#### [WORK REQUIRED]
From the line containing "A spin on our" to the line containing "Printable List of" in the entries below, reproduce every line exactly, ends included. Nothing else belongs in the copy, and no pictures.

#### [EXTRACTED ENTRIES]
--- START ---
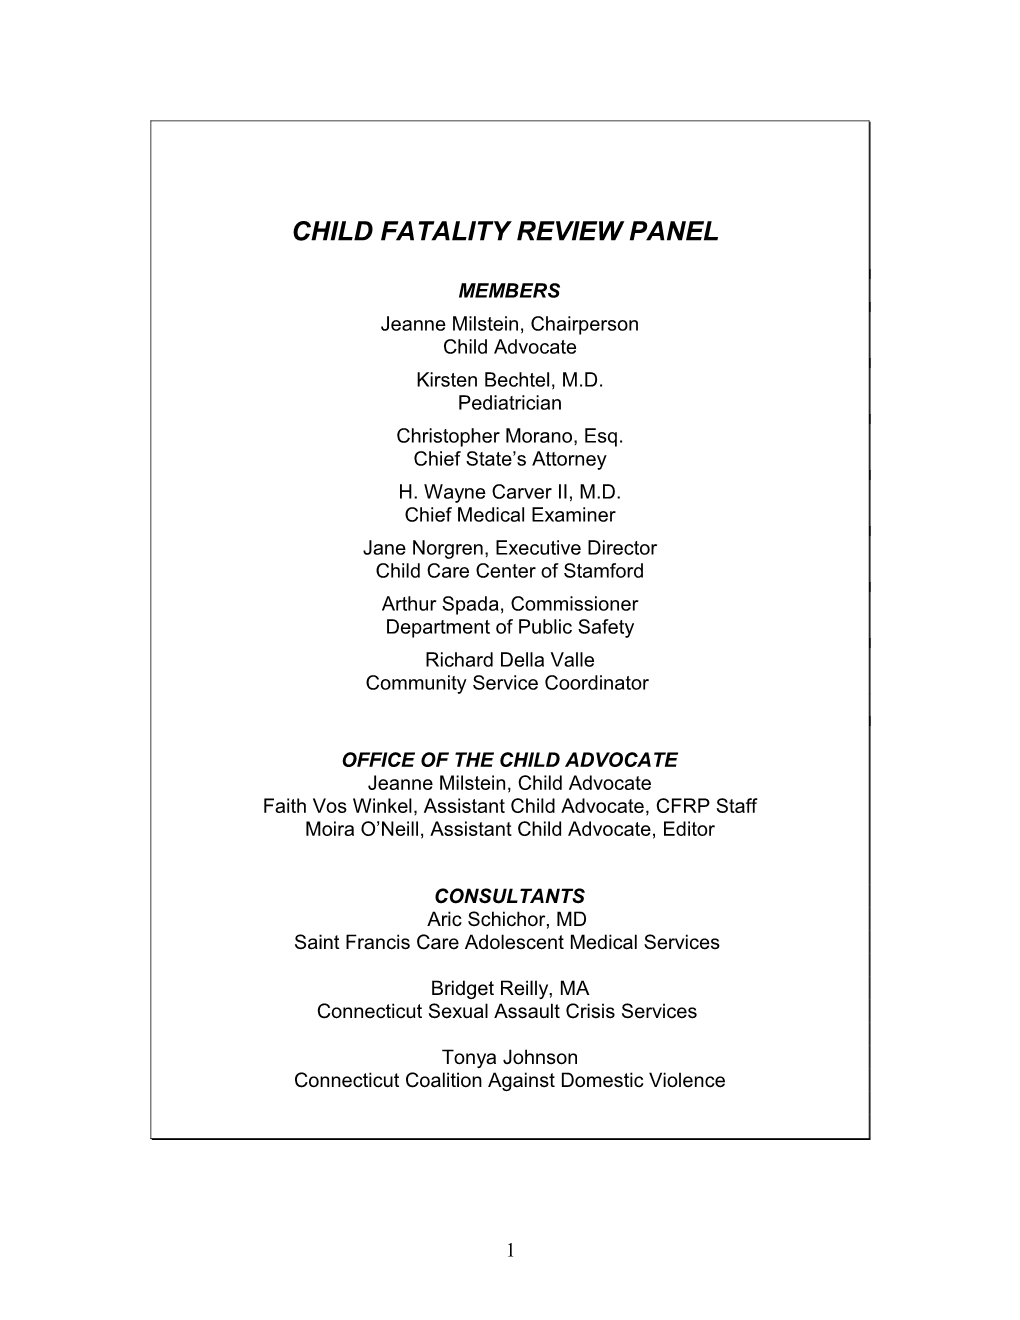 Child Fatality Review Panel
--- END ---
--- START ---
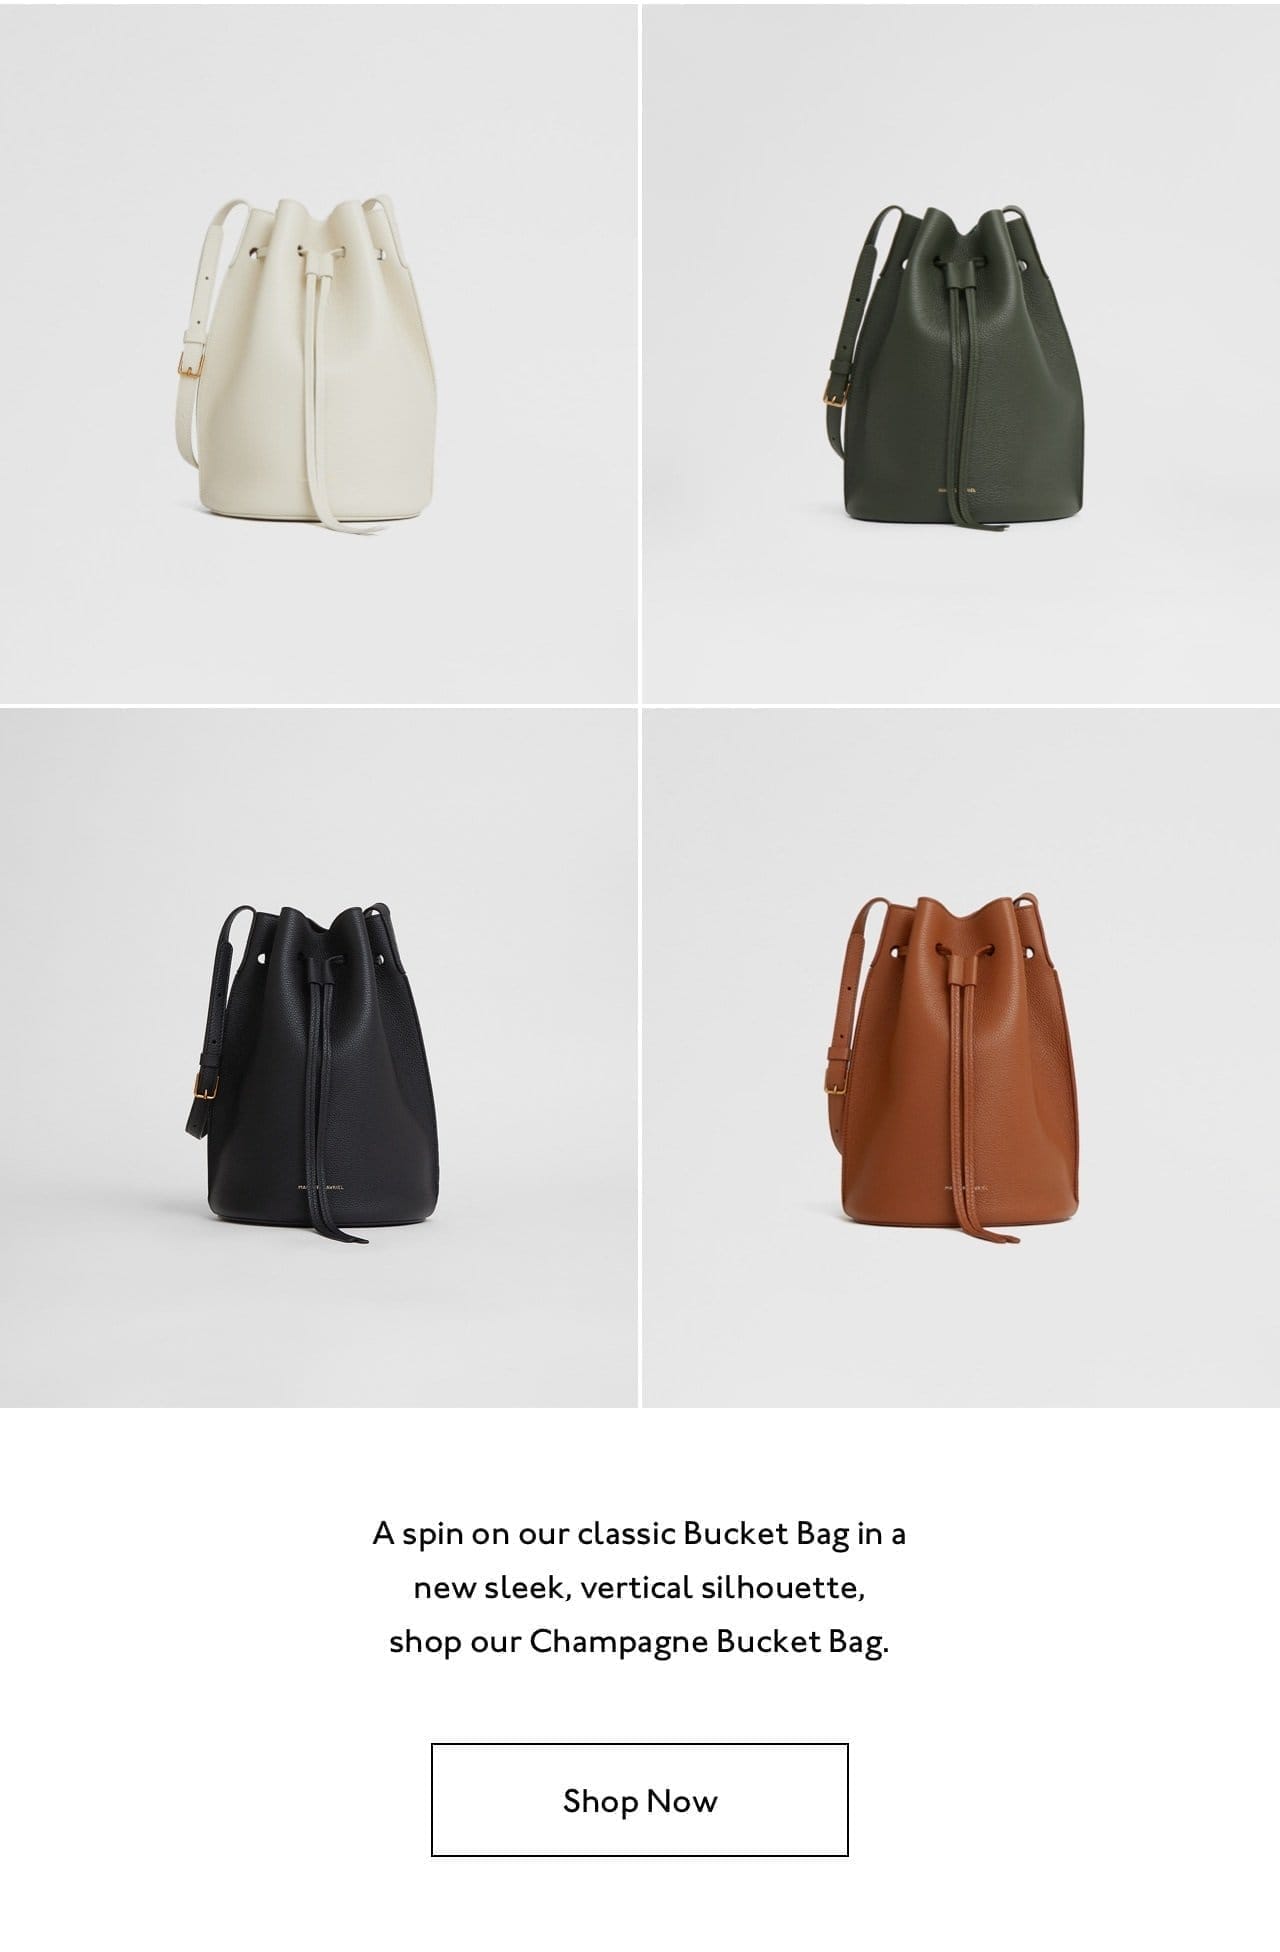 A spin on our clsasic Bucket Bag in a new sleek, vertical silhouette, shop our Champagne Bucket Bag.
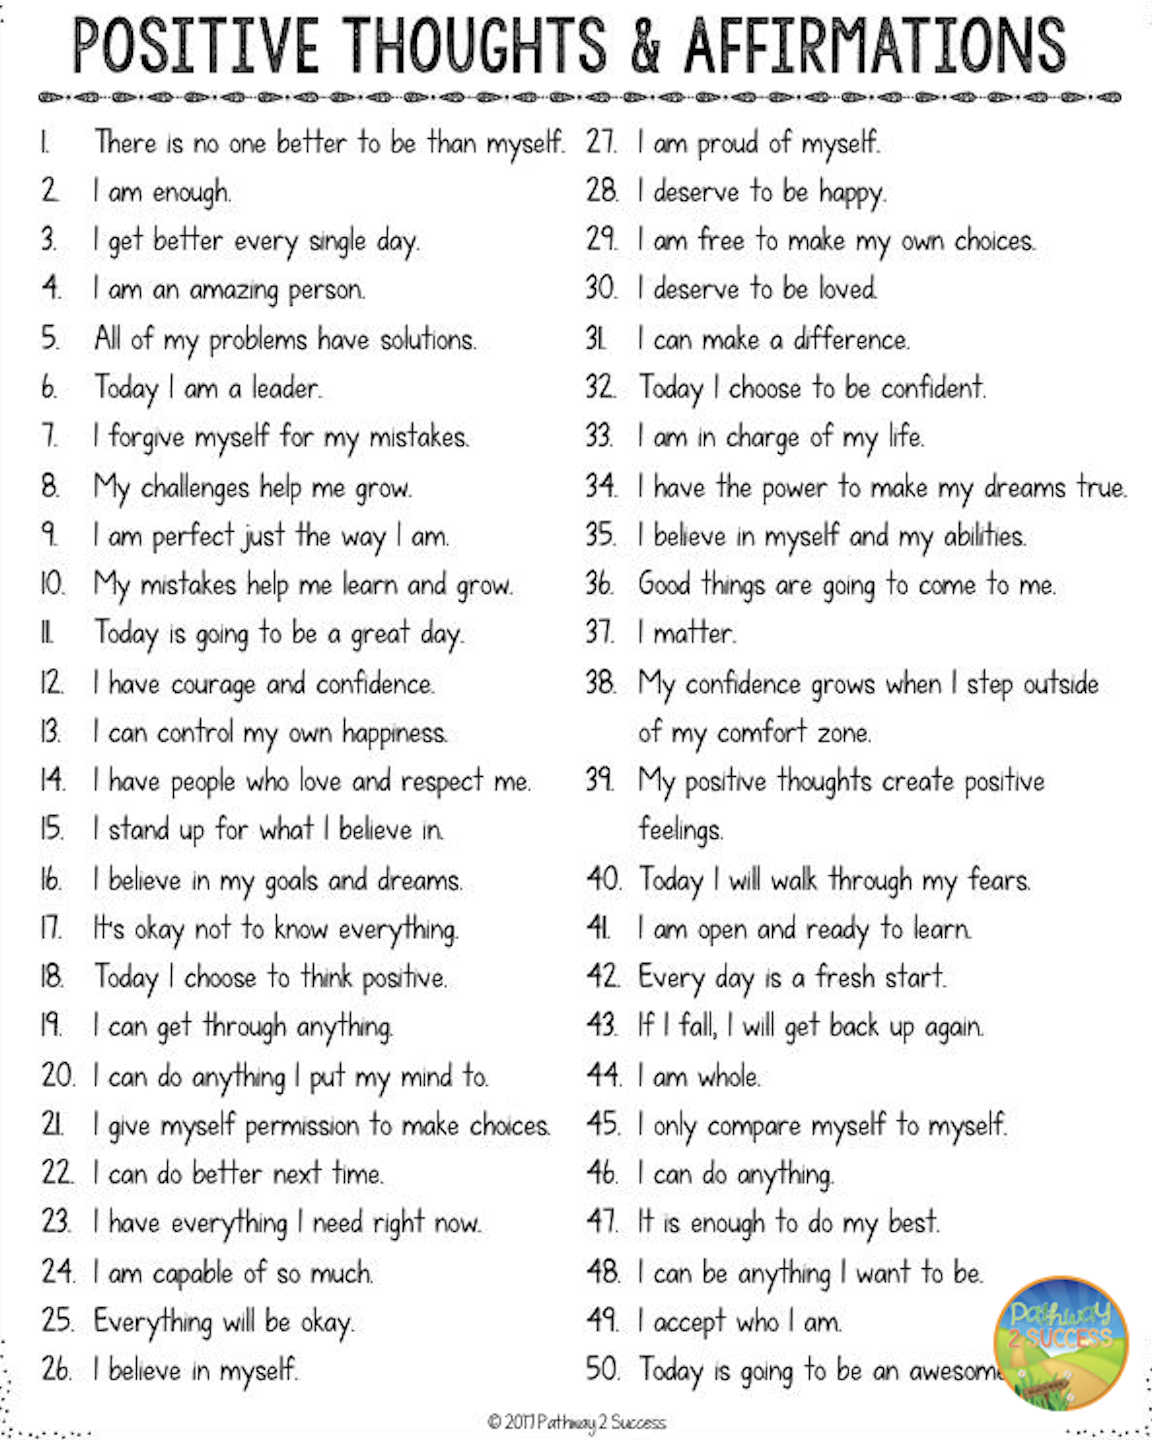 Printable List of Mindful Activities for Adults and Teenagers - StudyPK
--- END ---
--- START ---
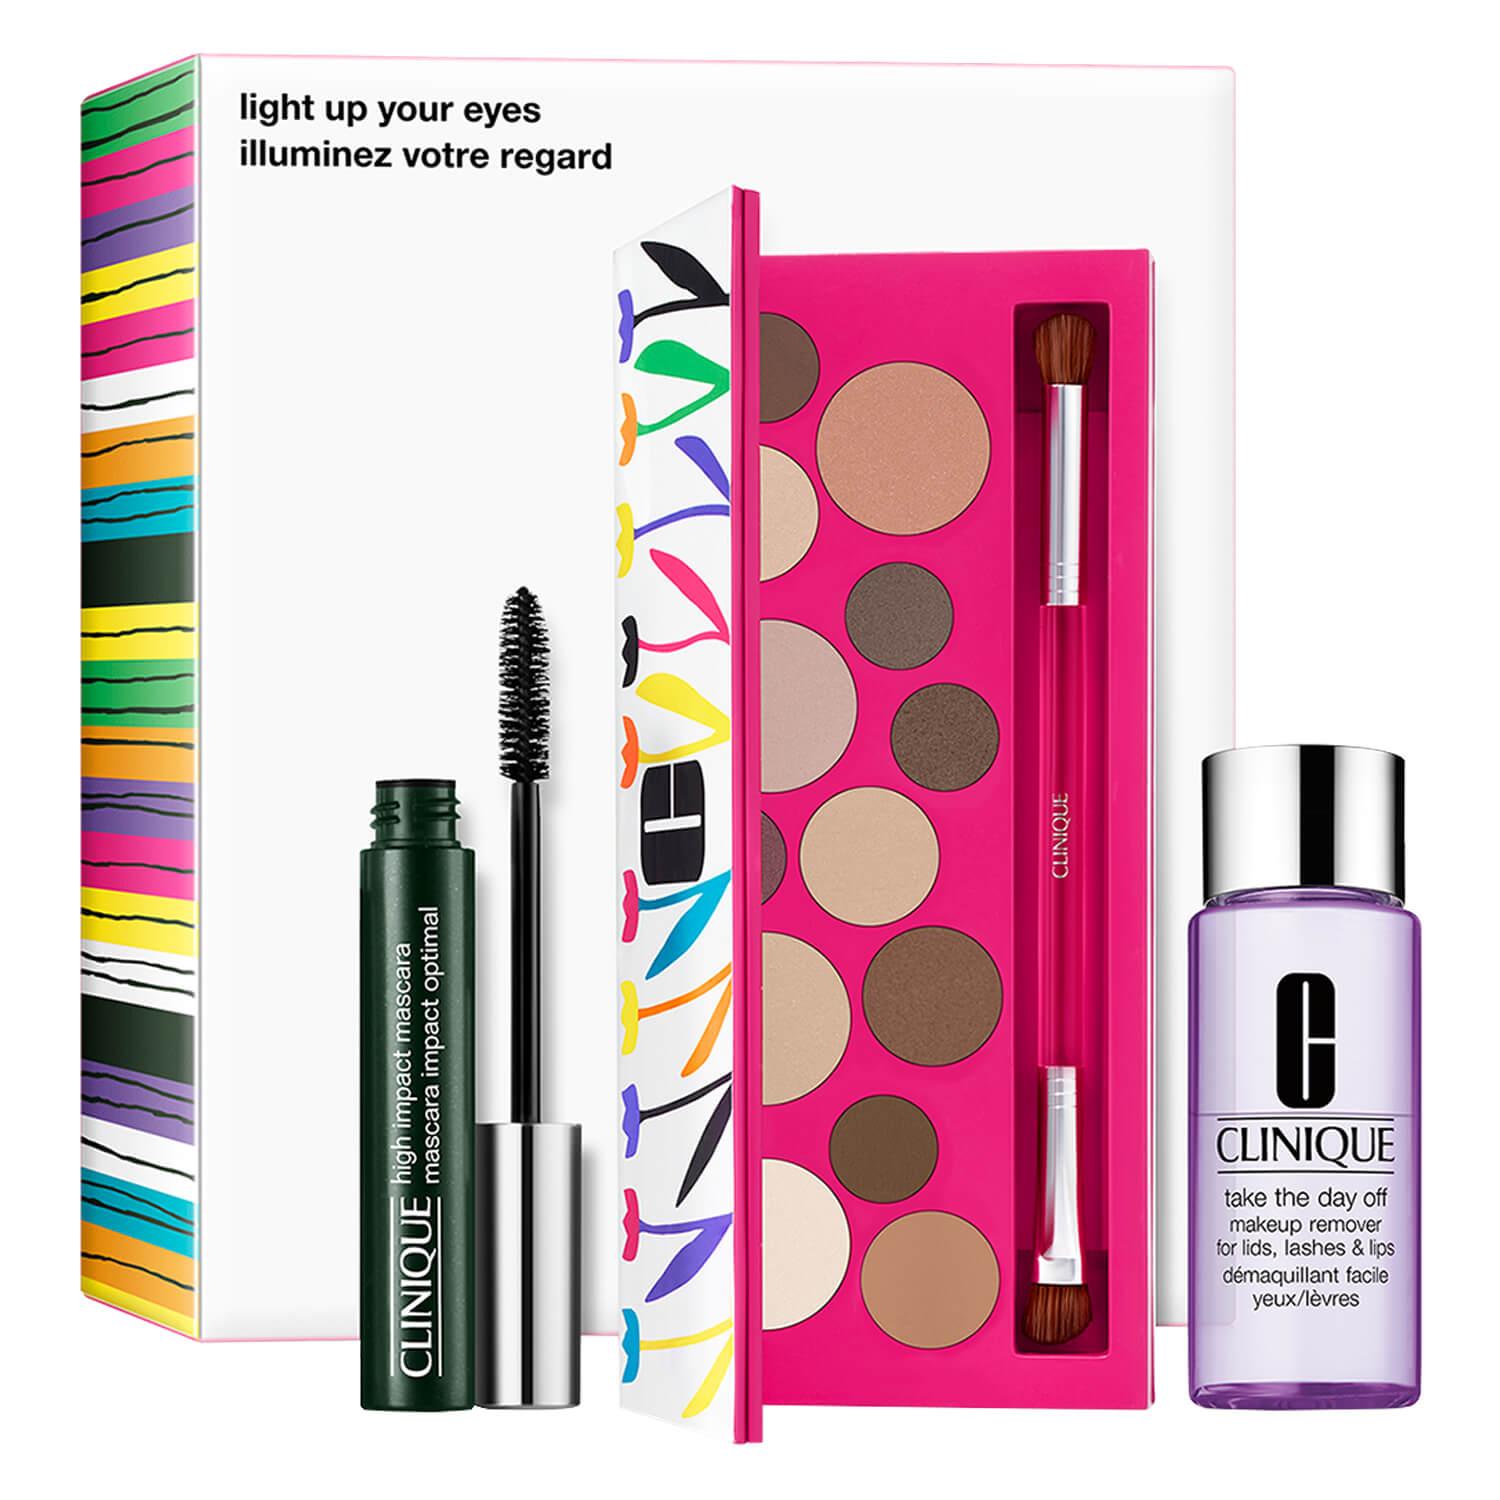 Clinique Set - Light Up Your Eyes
--- END ---
#### [OUTPUT FOR THIS TASK]
 A spin on our clsasic Bucket Bag in a new sleek, vertical silhouette, shop our Champagne Bucket Bag.
 Printable List of Mindful Activities for Adults and Teenagers - StudyPK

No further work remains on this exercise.